Task material: Begin

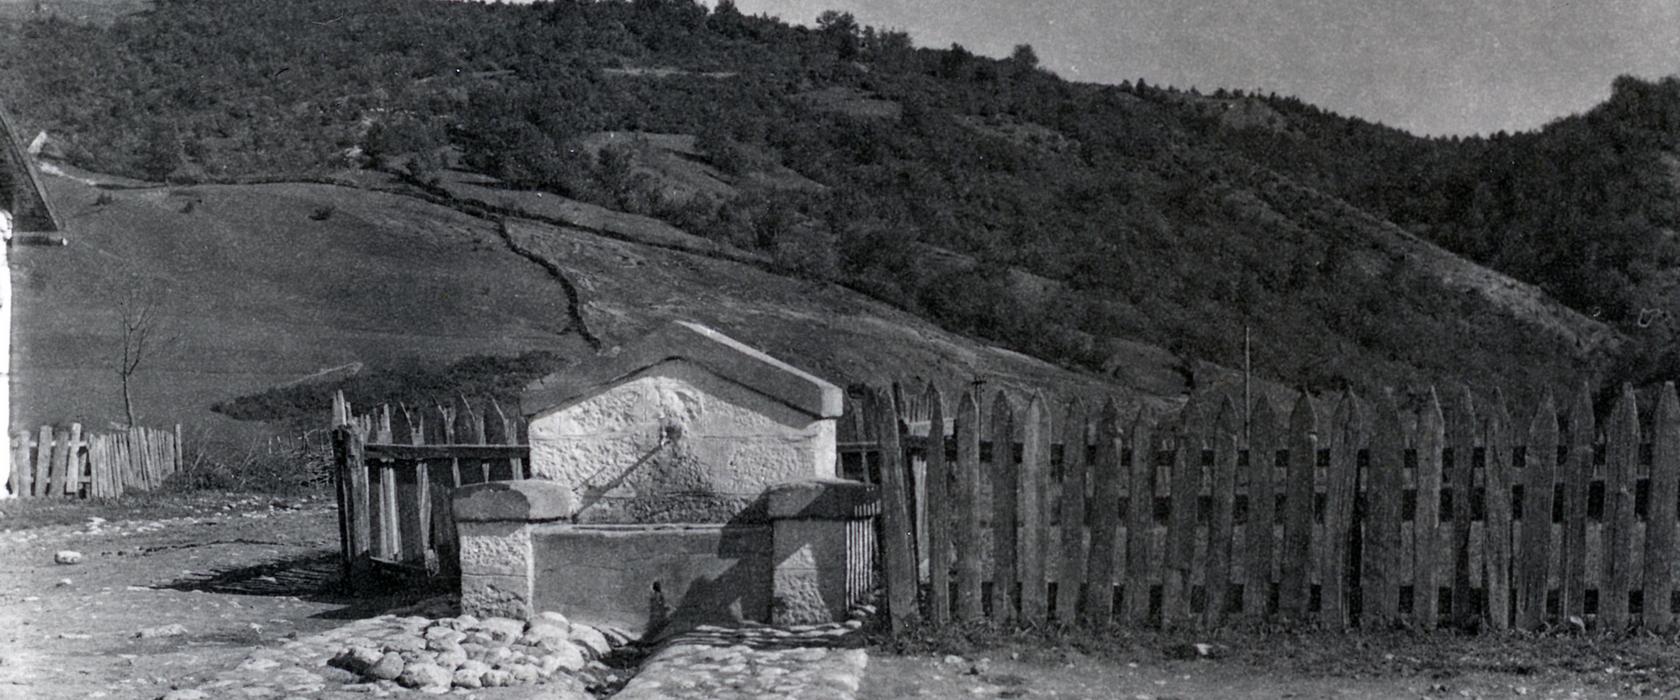 Tnovo 1956.
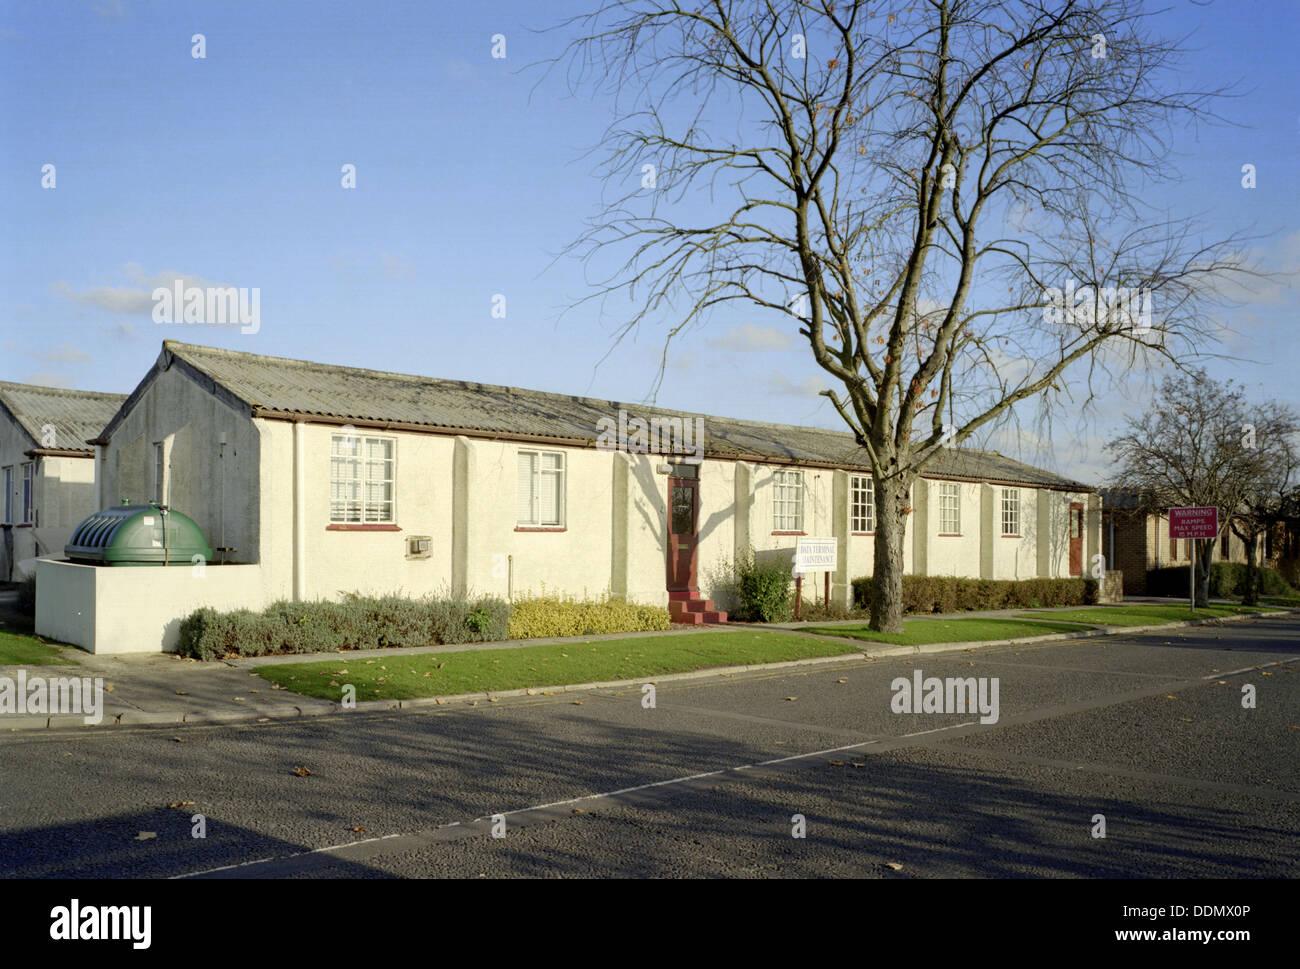 Calle principal cuartel de Greenham Common base aérea cerca de Newbury, Berkshire, 1999. Artista: M Hesketh Roberts Imagen De Stock
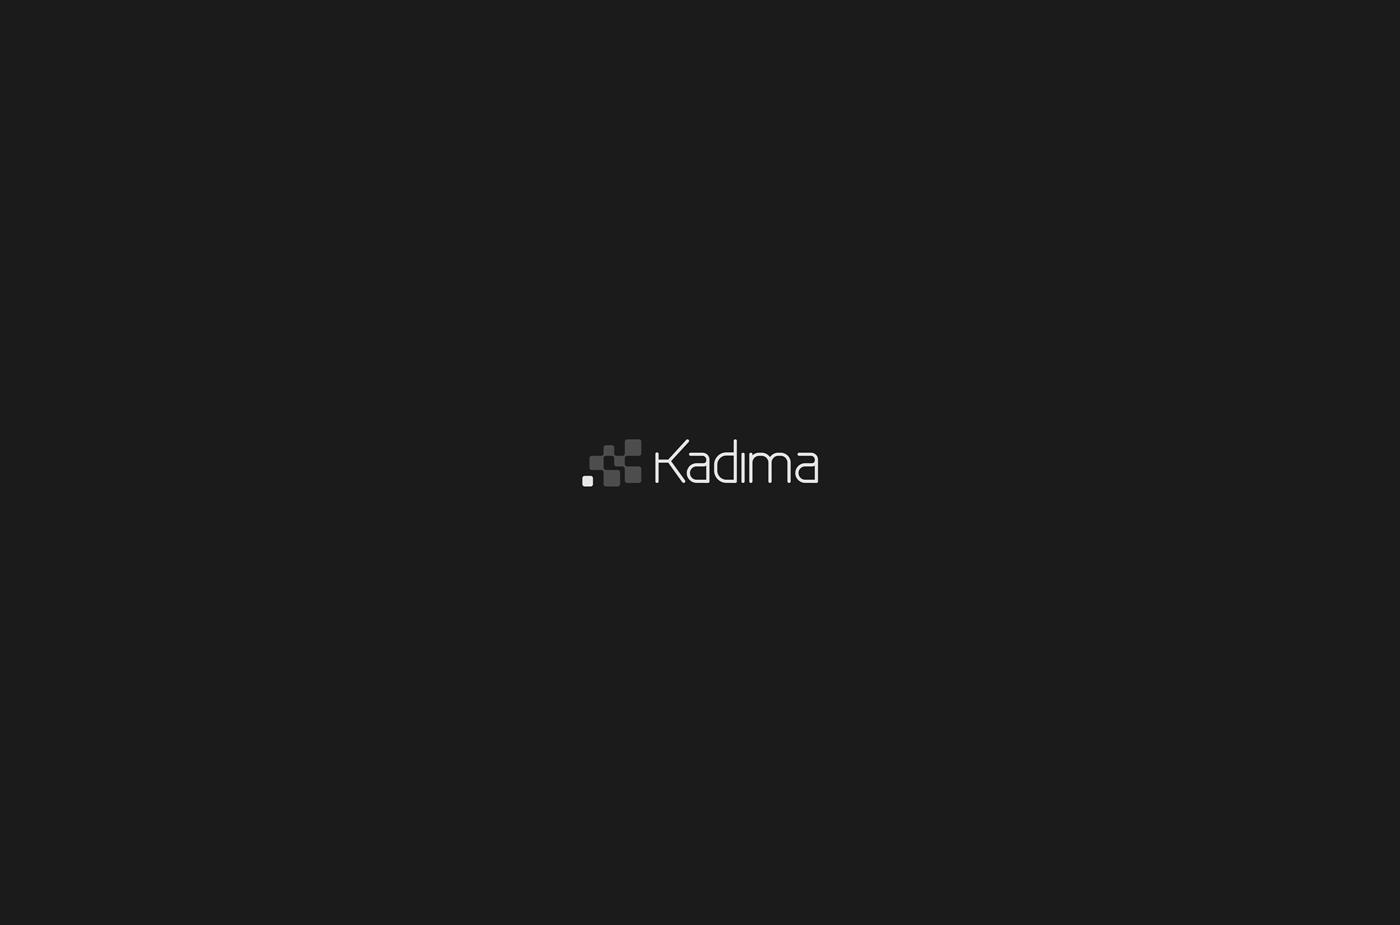 Kadima.png
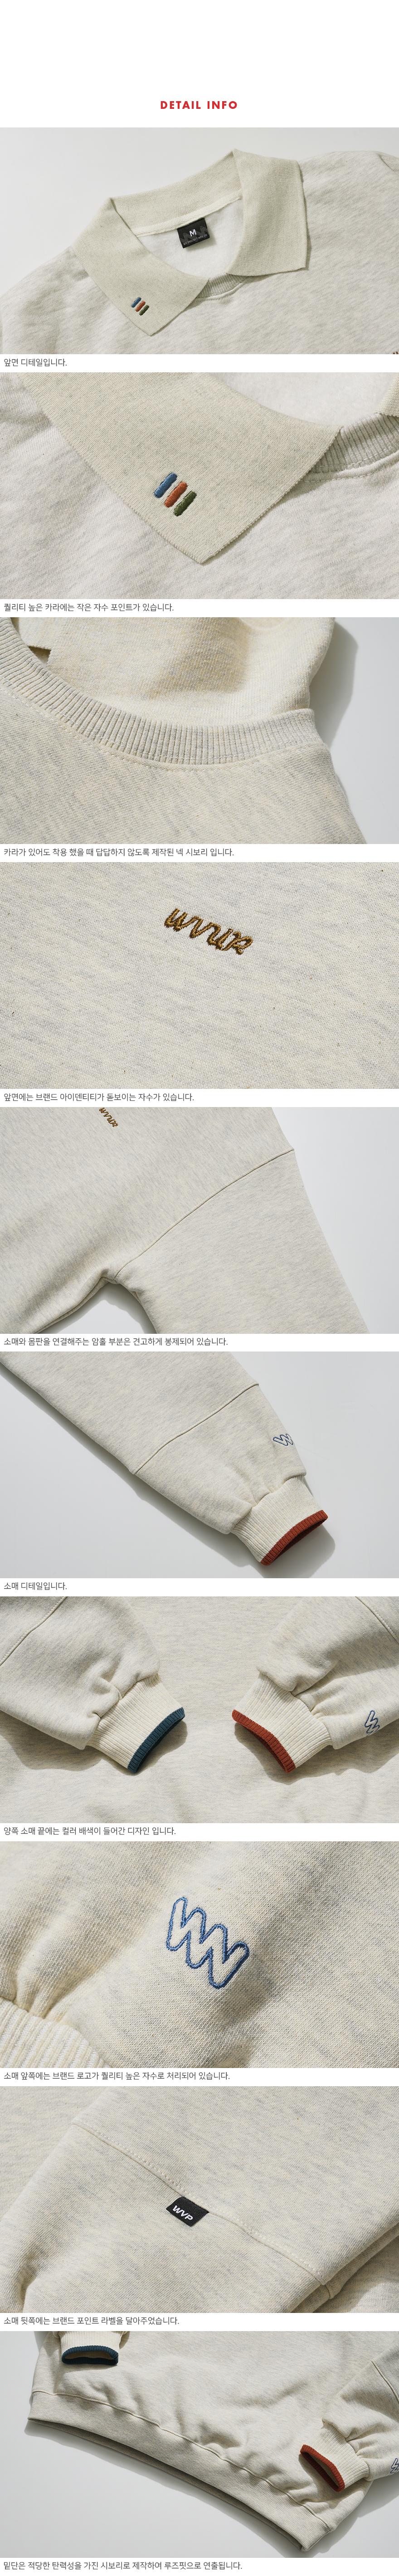 MJMT7514_detail_oatmeal_ji.jpg
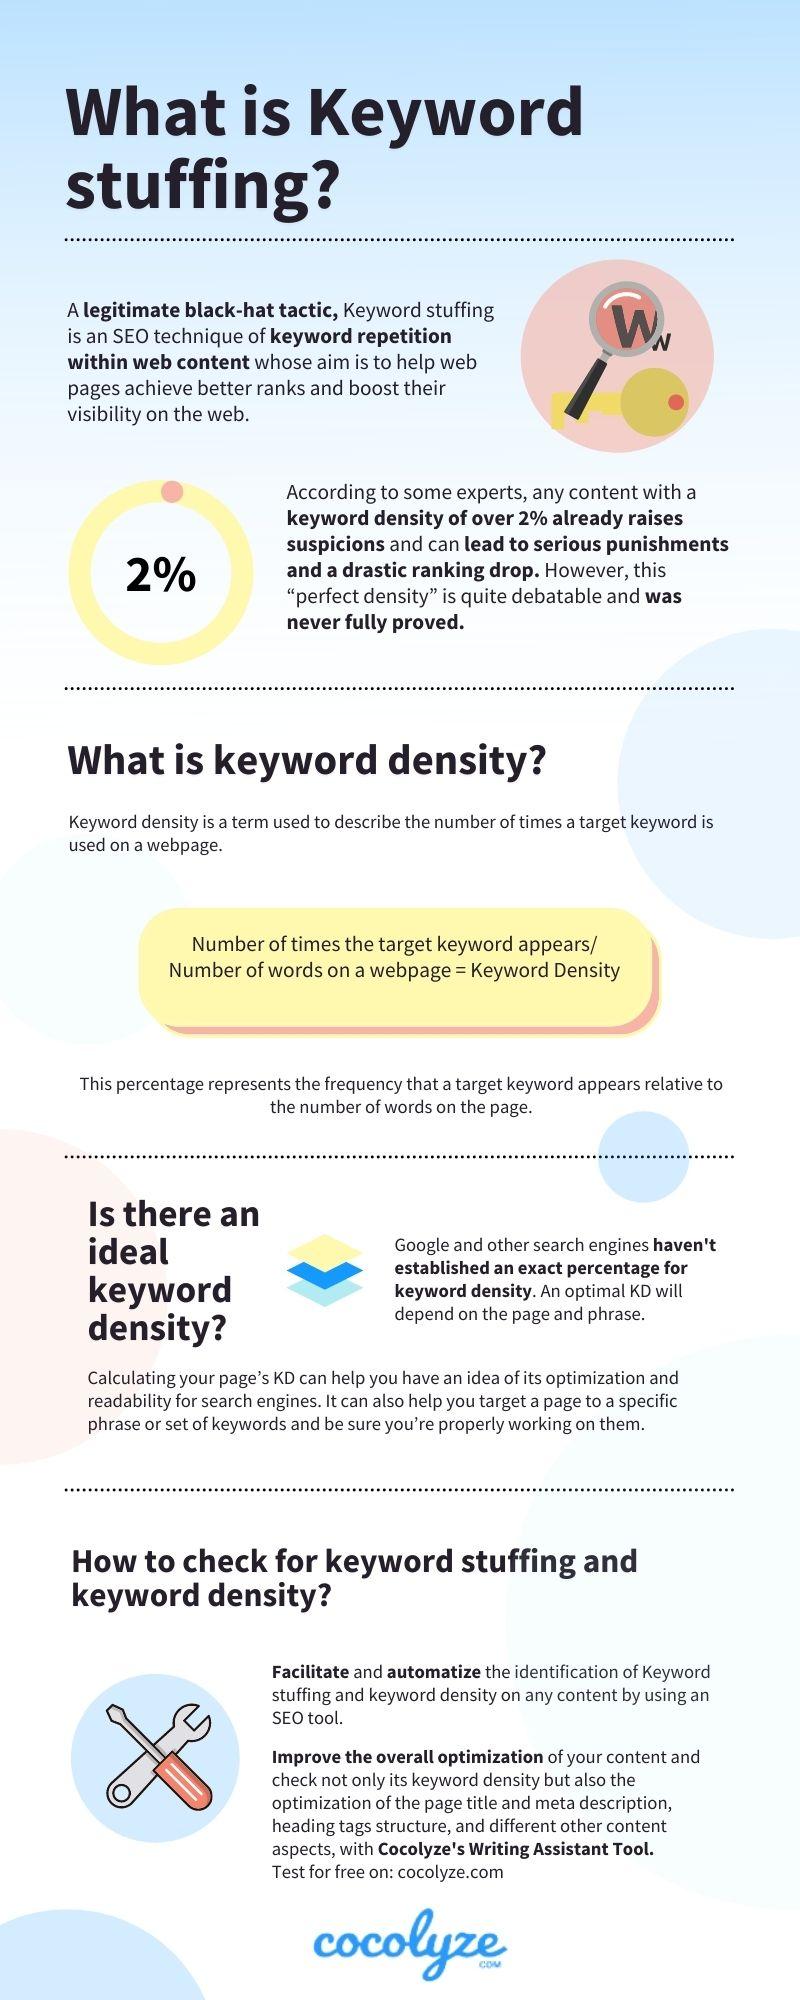 Keyword stuffing and keyword density
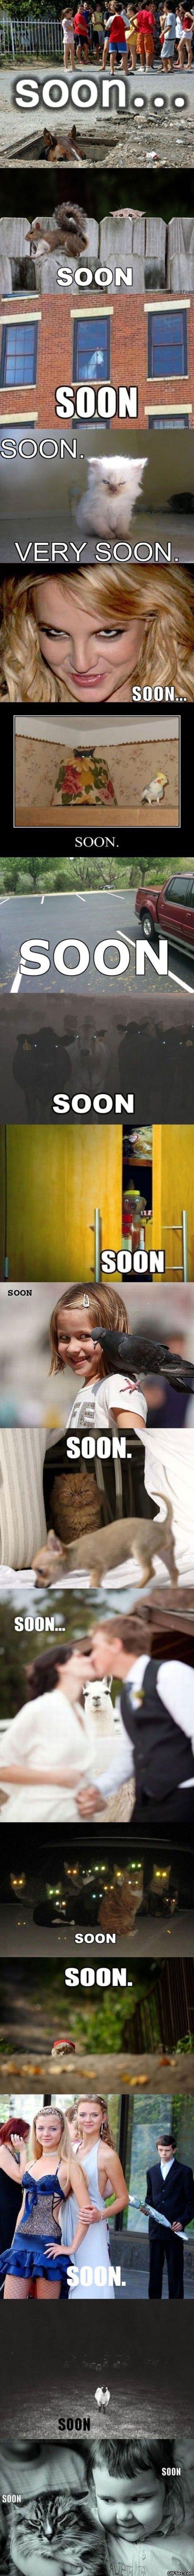 Soon MEME

Task material: End

Work item:
Return the data above unchanged. Pictures are not part of the copy.

Written answer:
 Tnovo 1956.
 Calle principal cuartel de Greenham Common base aérea cerca de Newbury, Berkshire, 1999. Artista: M Hesketh Roberts Imagen De Stock
 Kadima.png
 MJMT7514_detail_oatmeal_ji.jpg
 Keyword stuffing and keyword density
 Soon MEME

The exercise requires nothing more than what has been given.